Доктор Гиллиз, как и многие в Коултауне, часто спрашивал себя, как могла Юстэйсия Симс настолько потерять голову, чтобы выйти за Брекенриджа Лансинга. Мы немного позже узнаем, как он сам объяснял себе это — довольно натянутое объяснение, да еще сформулированное фразой, которая неизменно возмущала его жену, утверждавшую, что так сказать нельзя.

— Принято говорить, что мы «проживаем жизнь». Вздор! Это жизнь проживает нас.

Брекенридж Лансинг родился в Кристал-Лейк, штат Айова. Мальчишкой он строил планы, когда вырастет, пойти в армию и сделаться знаменитым полководцем. Вместе со старшим братом Фишером он много времени отдавал охоте. Добрым баптистам не положено убивать или другим способом развлекаться по воскресеньям, зато уж по субботам и по праздничным дням они убивали вволю. Брекенридж был настолько метким стрелком, что решил поступить в академию Уэст-Пойнт. К большому его удивлению и разочарованию, оказалось, что от будущих офицеров требуется основательное знание математики. Дважды он держал экзамен и дважды проваливался. За время учения в Брокеттовском баптистском колледже он последовательно собирался в священники, в медики и в юристы. Стал он после окончания младшим продавцом в отцовской аптеке.

Отец его был большой шумный человек, заправила всех клубов и лож, расчетливый бизнесмен, неласковый муж и суровый отец. Повадки свои он унаследовал от собственного отца и впоследствии передал сыновьям. На протяжении многих лет он занимал разные посты — от устроителя банкетов до вице-президента Ассоциации фармацевтов Среднего Запада — и очень любил бывать на съездах Ассоциации. Во время этих съездов он все вечера допоздна играл в карты со своими коллегами. В ту пору каждый предприимчивый аптекарь старался пристроиться к производству патентованных средств («змеиного навара», как их тогда называли). Мистер Лансинг боялся и презирал своего старшего сына Фишера, который стал адвокатом; Брекенриджа, всем только докучавшего и в аптеке, и вообще в городе, он лишь презирал. Как несостоявшийся медик Брекенридж в свое время немного изучал химию. Отец отвел ему клетушку позади аптеки и велел заниматься изготовлением целительных смесей. Ему уже рисовались в воображении «Мазь Лансинга» или «Лансинговский эликсир из дикого меда». Но у Лансинга-младшего дело не пошло дальше подготовки спиртовой основы и сочинения текста для будущих рекламных проспектов. Зато его лаборатория стала чем-то вроде светского клуба, и «опыты» часто затягивались до рассвета.

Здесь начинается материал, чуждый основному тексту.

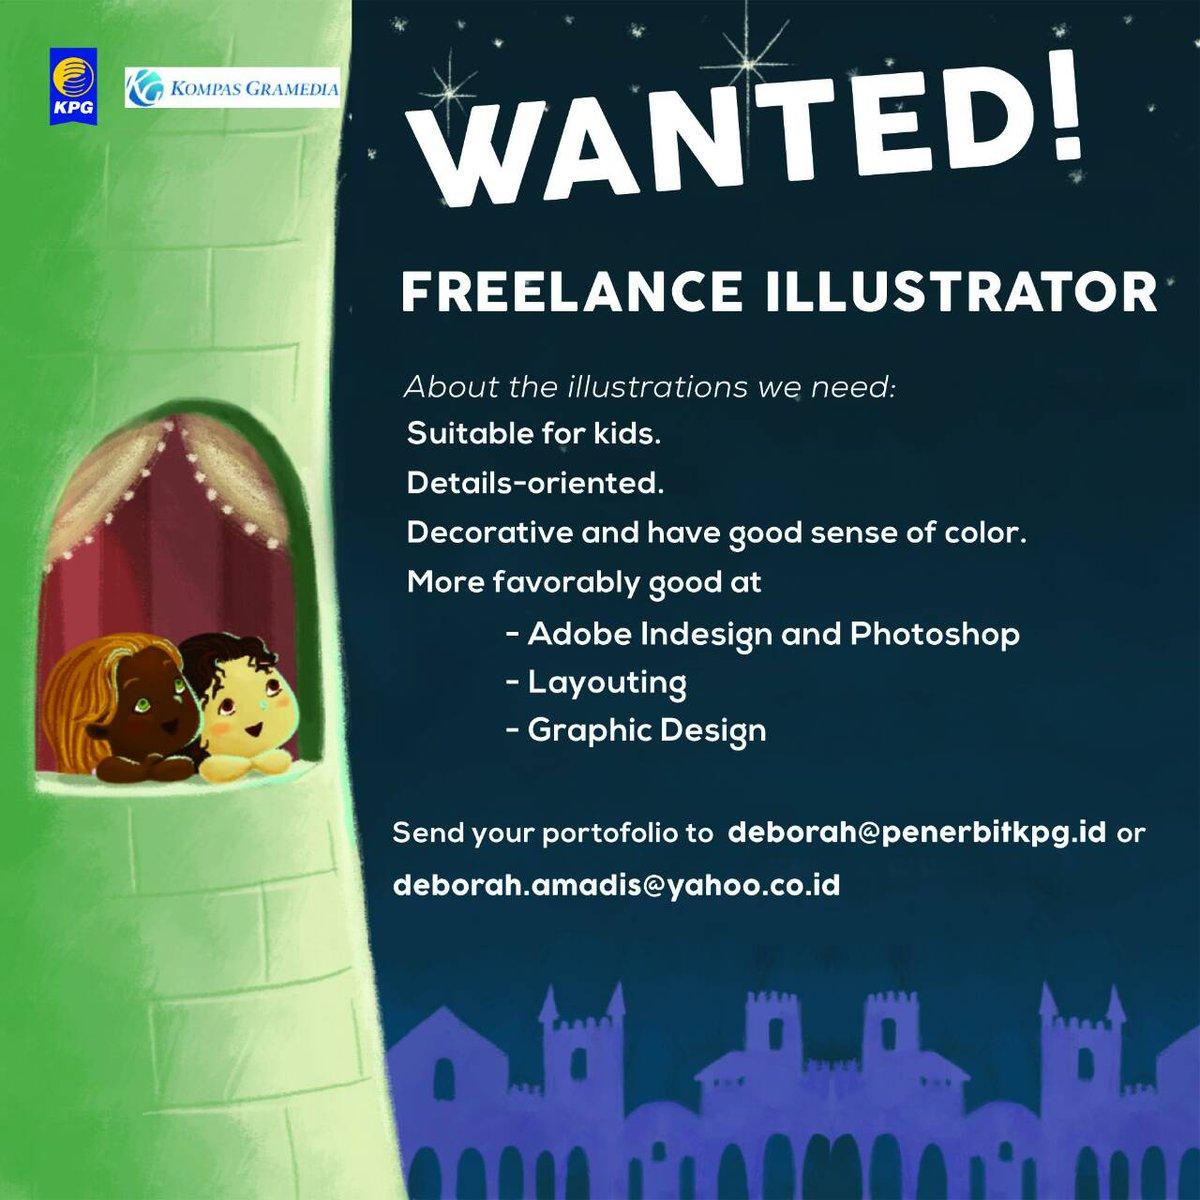 Hello! Untuk teman-teman illustrator dan tukang gambar yang mungkin tertarik, silahkan dicoba. Siapa tau cocok! :D https://t.co/GHv0eqNAJI
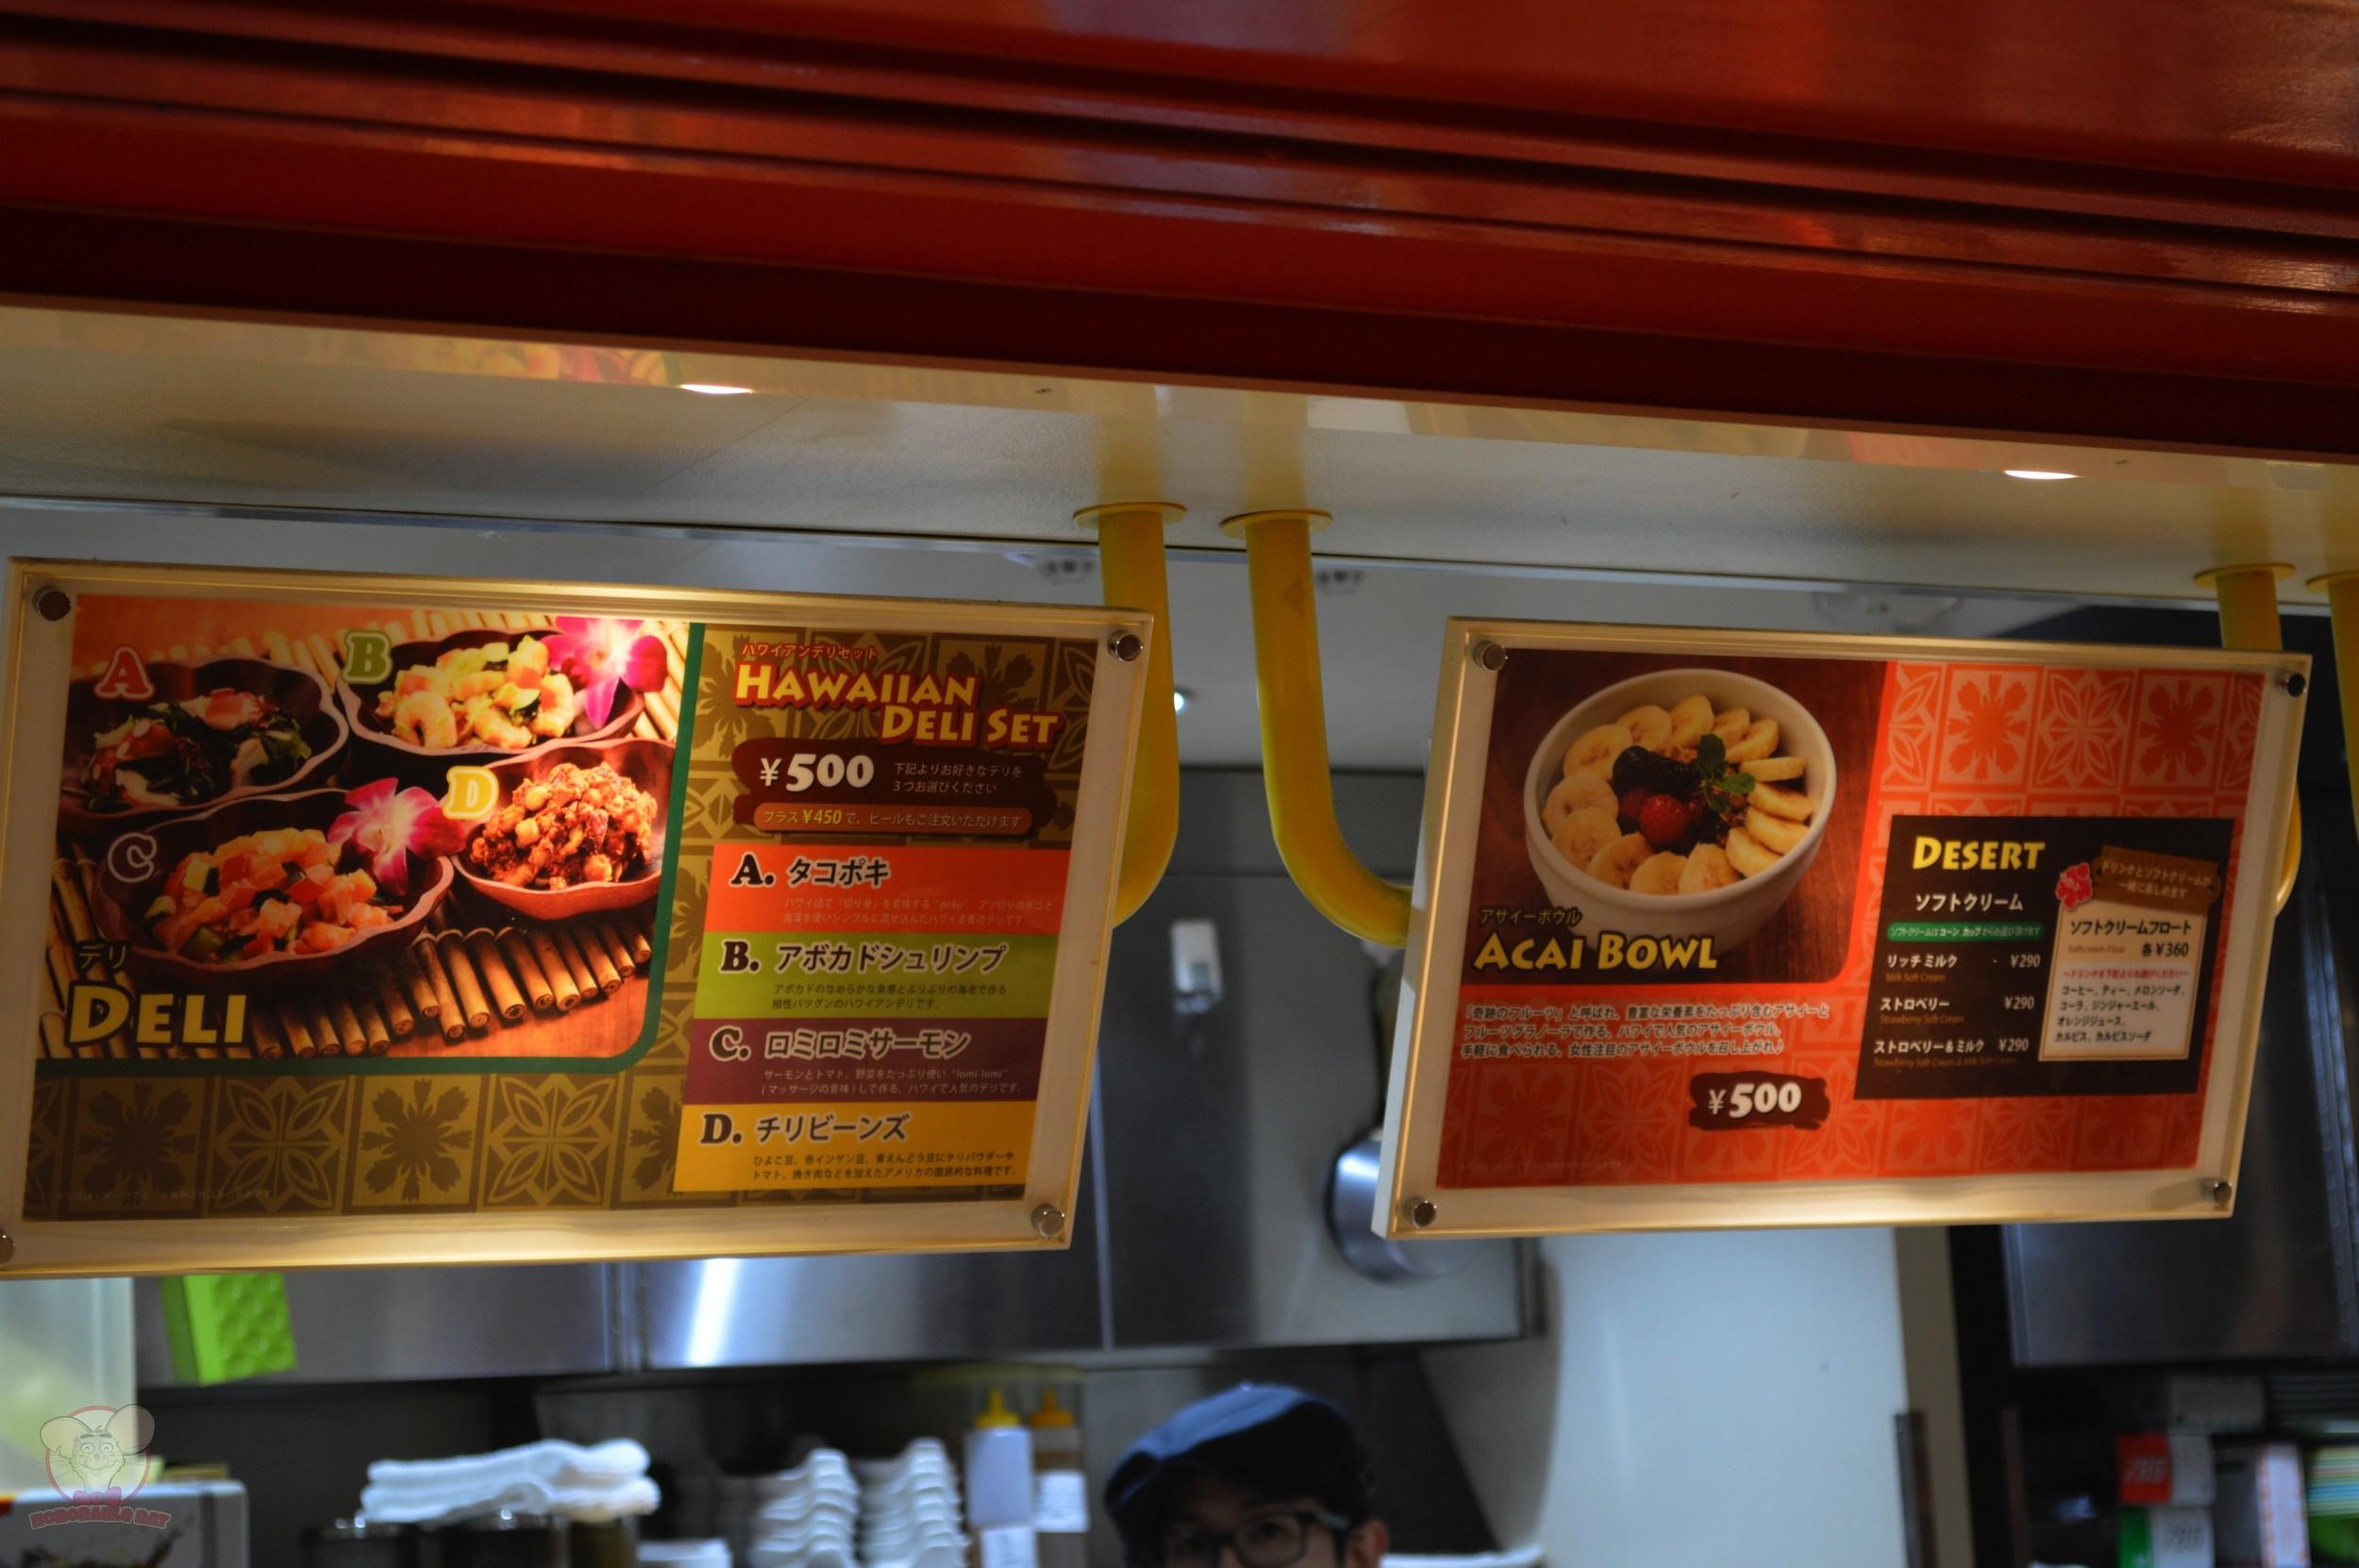 Loco Loco's menu: B

Как-то за картами в Сент-Луисе один из партнеров предложил Лансингу-старшему войти пайщиком в только что созданную компанию по обработке эфирного масла из вест-индского лавра. В соединении с ромом, апельсиновым соком и другими ингредиентами оно может широко применяться и в лекарственной и в косметической практике. По слухам, его также потребляют в больших количествах дамы, имевшие несчастье дать зарок воздержания от спиртного. Лансинг продал два луга и пустошь под застройку и вложил солидную сумму в новое предприятие. По обыкновению он преследовал двойную цель — нажить деньги и выдворить Брекенриджа из Кристал-Лейк. Он поехал в Нью-Йорк, взял с собой сына и побывал с ним в главной конторе компании. Он даже дал обед в ресторане Халлорана (специальность — бифштексы и раки). Молодой человек произвел благоприятное впечатление. Так бывало всегда при первом с ним знакомстве. Его сделали агентом по закупке сырья. Ром и масла поступали с Антильских островов. Брекенридж отправился к Карибскому морю; там, на острове Сент-Киттс, он и повстречал Юстэйсию Симс.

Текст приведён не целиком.